Doesn't the YOLOv2 Loss function looks scary? It's not actually! It is one of the boldest, smartest loss function around.

Let's first look at what the network actually predicts.

If we recap, YOLOv2 predicts detections on a 13x13 feature map, so in total, we have 169 maps/cells.

We have 5 anchor boxes. For each anchor box we need Objectness-Confidence Score (whether any object was found?), 4 Coordinates ( $t_x, t_y, t_w,$ and $t_h$ ) for the anchor box, and 20 top classes. This can crudely be seen as 20 coordinates, 5 confidence scores, and 100 class probabilities for all 5 anchor box predictions put together.
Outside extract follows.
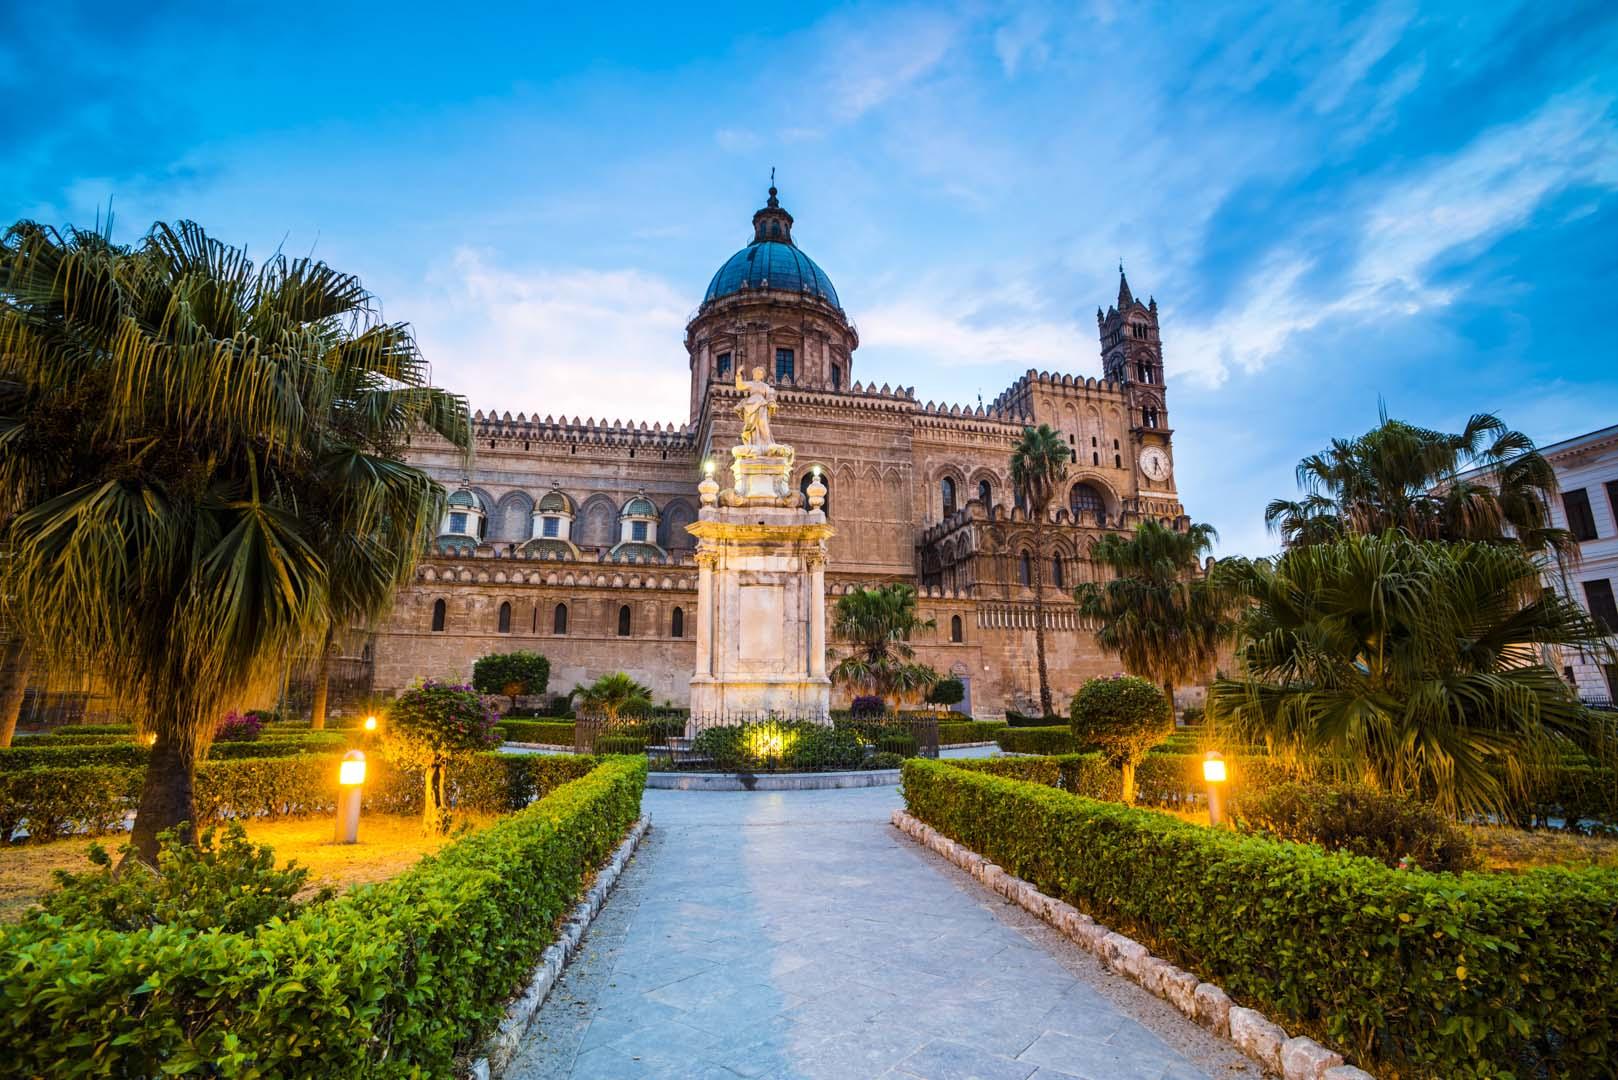 Сицилия: достопримечательности итальянского острова

We have few things to worry about:

$x_i, y_i$ , which is the location of the centroid of the anchor box
$w_i, h_i$ , which is the width and height of the anchor box
$C_i$ , which is the Objectness, i.e. confidence score of whether there is an object or not, and
$p_i(c)$ , which is the classification loss.
We not only need to train the network to detect an object if there is an object in a cell, we also need to punish the network, it if predicts an object in a cell, when there wasn't any. How do we do this? We use a mask ( $𝟙_{i}^{obj}$ and $𝟙_{i}^{noobj}$ ) for each cell. If originally there was an object $𝟙_{i}^{obj}$ is 1 and other no-object cells are 0. $𝟙_{i}^{noobj}$ is just inverse of $𝟙_{i}^{obj}$ , where it is 1 if there was no object in the cell and 0 if there was.
We need to do this for all 169 cells, and
We need to do this 5 times (for each anchor box).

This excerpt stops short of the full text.